The seeds of a pure chip foundry had been planted in his mind by Gordon
Campbell, a semiconductor entrepreneur who visited Chang during his
otherwise regrettable year at General Instrument. Campbell was familiar with
the agonies and the inefficiencies of building and operating a fab. He felt startups
were better off designing chips and outsourcing the manufacturing. To some in
his business, this was unthinkable. “Real men have fabs,” the famous saying
went. One man thought the future was fabless.

“People were ingrained in thinking the secret sauce of a successful


semiconductor company was in the wafer fab,” Campbell told me. “The
transition to the fabless semiconductor model was actually pretty obvious when
you thought about it. But it was so against the prevailing wisdom that many
people didn’t think about it.”

He was thinking about it when he spoke with Chang in late 1984. And soon Chang
was thinking about it, too. He began to think that every fabless company would
need a foundry.
Morris Chang in 1997 with then-New York Stock Exchange President William Johnston on the day of
TSMC’s NYSE listing PHOTO: TSMC

Taiwan’s government took a 48% stake, with the rest of the funding coming from
the Dutch electronics giant Philips and Taiwan’s private sector, but Chang was
the driving force behind the company. The insight to build TSMC around such an
unconventional business model was born from his experience, contacts and
expertise. He understood his industry deeply enough to disrupt it.

“TSMC was a business-model innovation,” Chang says. “For innovations of that


kind, I think people of a more advanced age are perhaps even more capable than
people of a younger age.”

Chang says the idea behind TSMC was also the result of the personal philosophy
that he’d developed over the course of his long career. “To be a partner to our
customers,” he says. That founding principle from 1987 is the bedrock of the
foundry business to this day, as TSMC says the key to its success has always been
enabling the success of its customers.

TSMC’s hundreds of customers today include Apple and Nvidia, among the only
companies worth more than the one Chang founded. TSMC manufactures chips
in iPhones, iPads and Mac computers for Apple, which manufactures a quarter of
TSMC’s net revenue. Nvidia is often called a chip maker, which is curious,
because it doesn’t make chips. TSMC does.

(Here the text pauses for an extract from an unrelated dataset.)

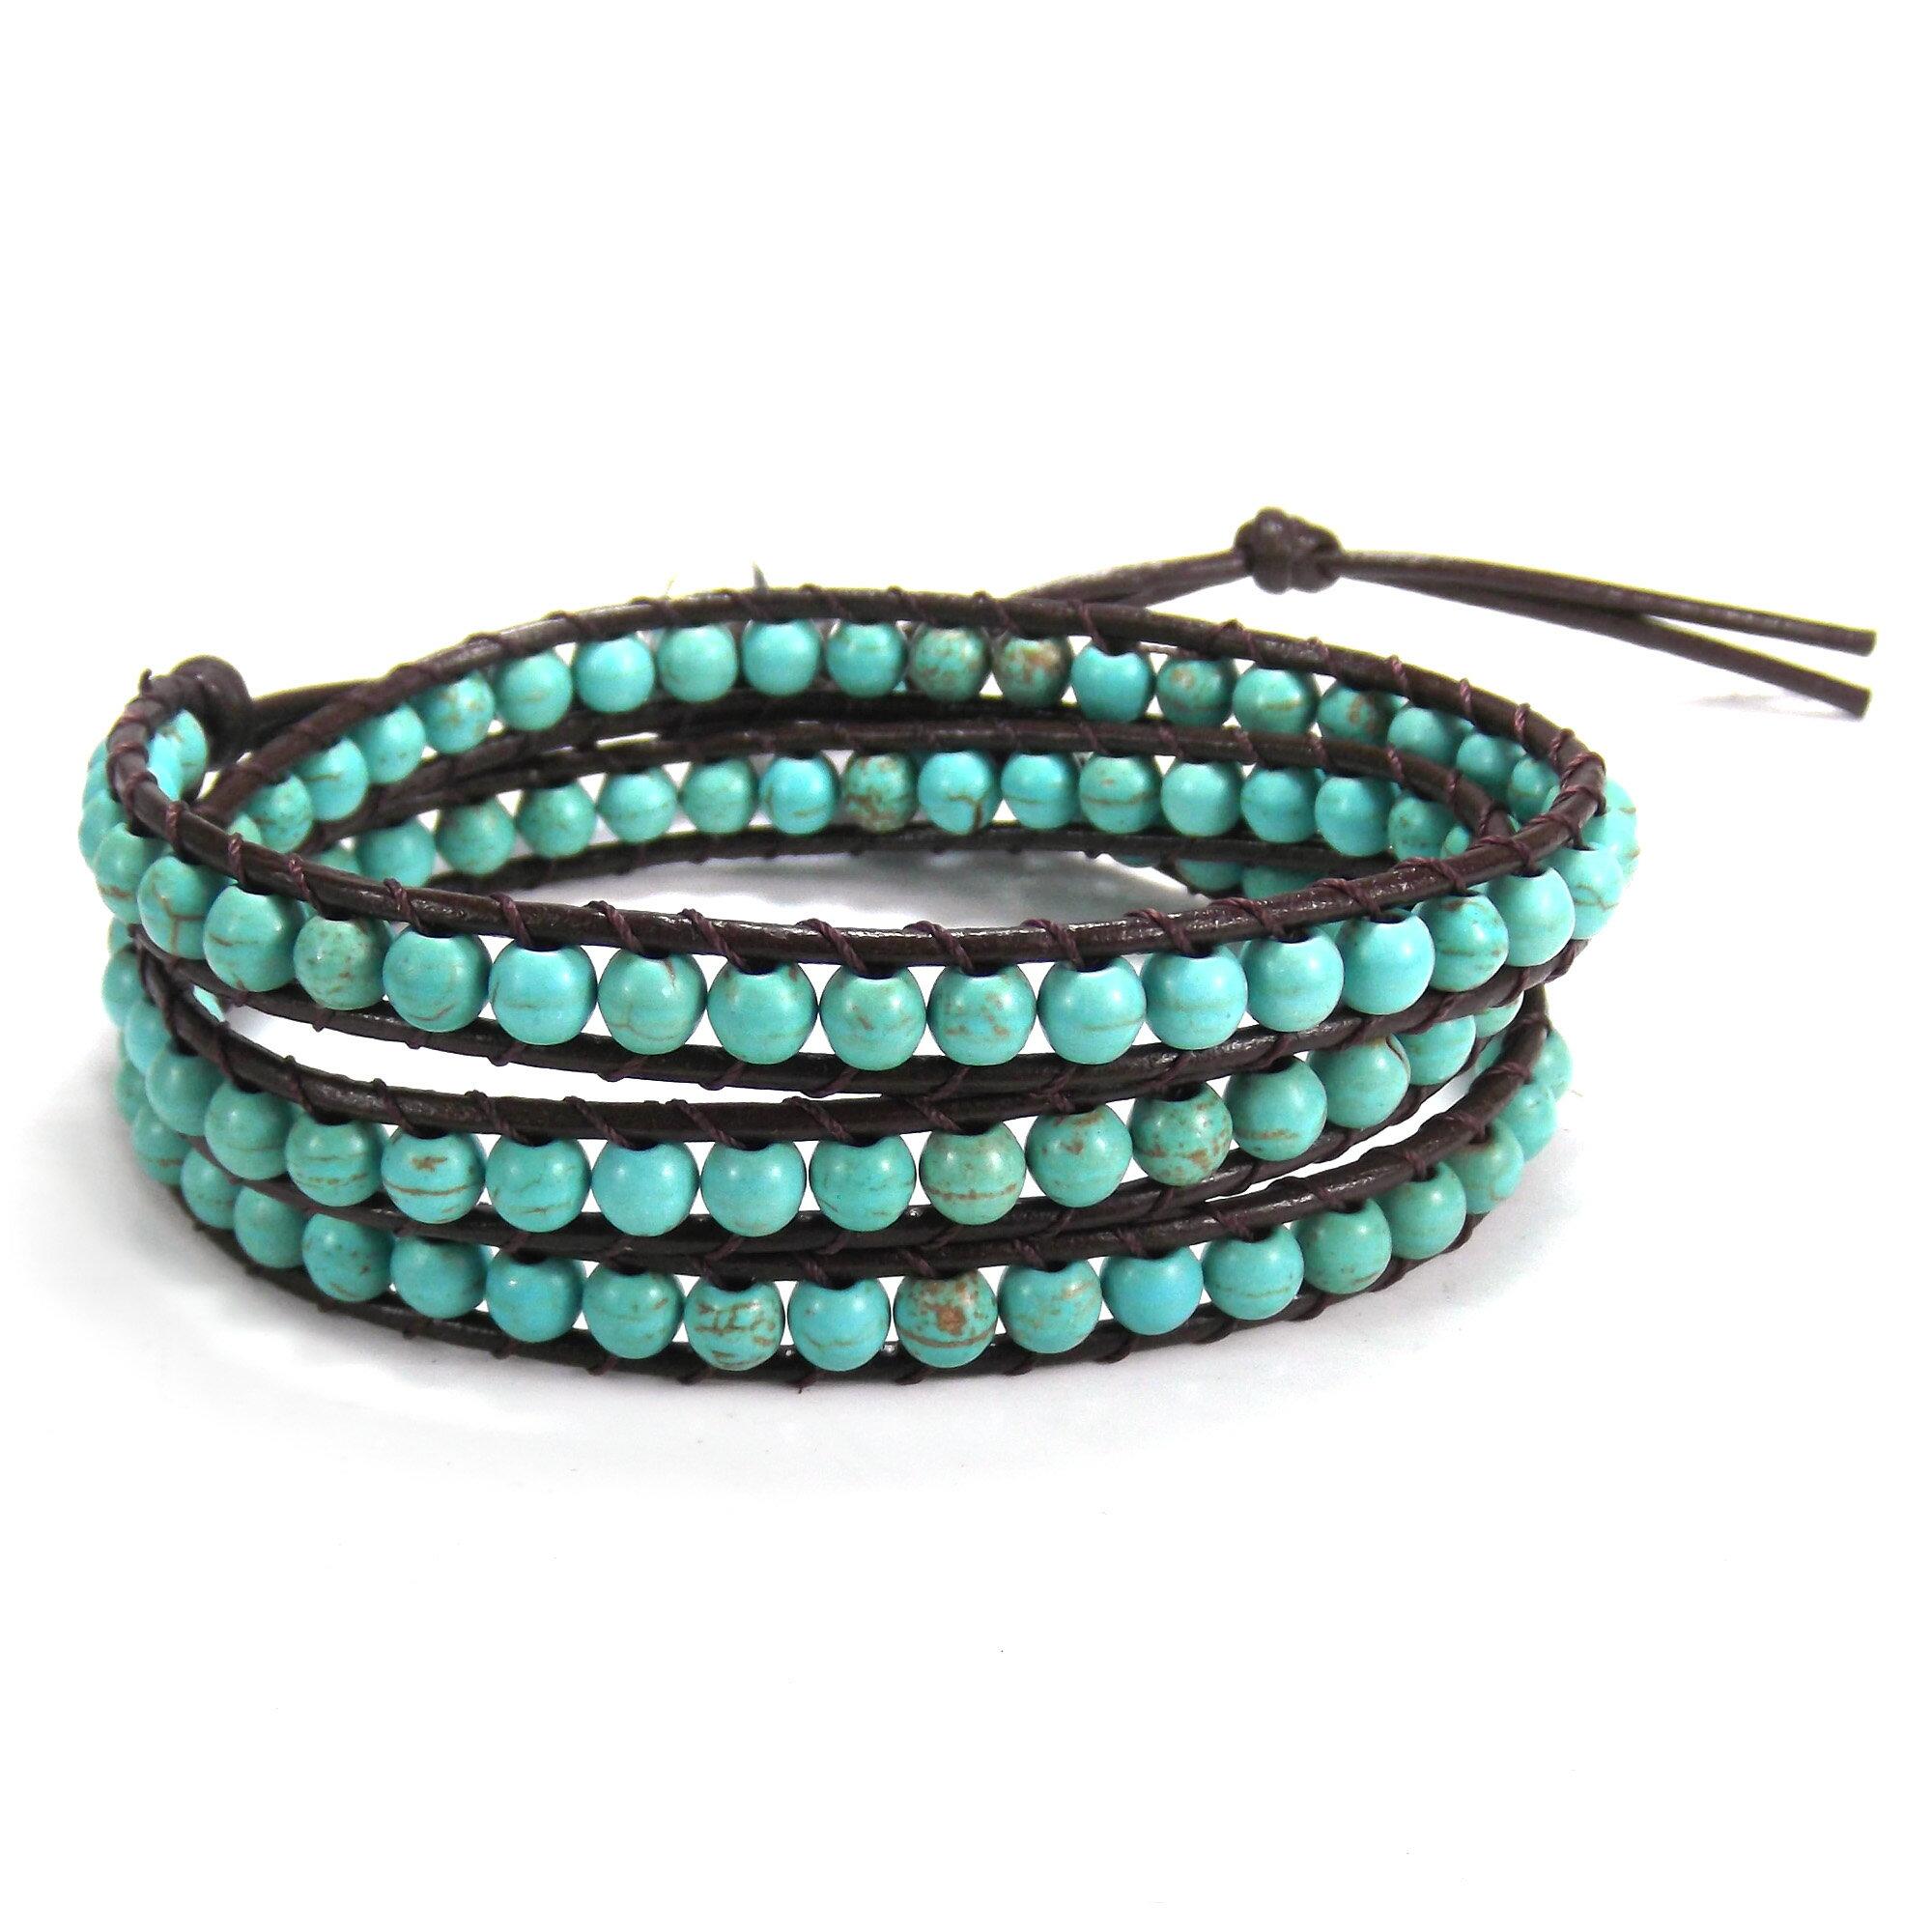 Blue Muse Turquoise Gemstone Tribal Wrap Leather Bracelet (Thailand) 0

Today it operates at a scale that is almost incomprehensible. The first Intel


microprocessor had about 2,000 transistors, but the latest Nvidia chip is packed
with more than 200 billion transistors. Churning out identical copies of a single
chip for an iPhone requires one TSMC fab to produce more than a quintillion
transistors—that is, one million trillions—every few months. In a year, the entire
semiconductor industry produces “more transistors than the combined quantity
of all goods produced by all other companies, in all other industries, in all human
history,” Miller writes.
The hunger for chips has made TSMC more valuable than ever. Over the past five
years, the company’s market capitalization has nearly quadrupled, and the
roughly 0.5% stake of TSMC that Chang owned is now worth about $3.5 billion.

Chang with Tim Cook, CEO of Apple, TSMC’s biggest customer. PHOTO: CAITLIN
O’HARA/BLOOMBERG NEWS

“I certainly didn’t chase money when I came to Taiwan,” he says. “As a matter of
fact, my shareholding in the company that I built was a tiny one. However, I
became reasonably wealthy because a tiny percentage of shares multiplied by a
big number is wealth.”

I asked how he thought about success when he moved to Taiwan.

“The highest degree of success in 1985, according to me, was to build a great
company. A lower degree of success was at least to do something that I liked to
do and I wanted to do,” he says. “I happened to achieve the highest degree of
success that I had in mind.”

When I asked how he thinks about success now that he’s built a great company,
the retired executive known among TSMC employees as “The Founder” sounded
relieved that he doesn’t have to think about it anymore. “I’m done!” he says.
Then he quoted Gen. Douglas MacArthur’s farewell address to Congress in 1951,
when Chang was still in college, unaware that he would have one career in the
U.S. and then another one in Taiwan.

Old soldiers never die. They just fade away.

“I’m an old soldier,” says Morris Chang. “I don’t die. But I’m fading away.”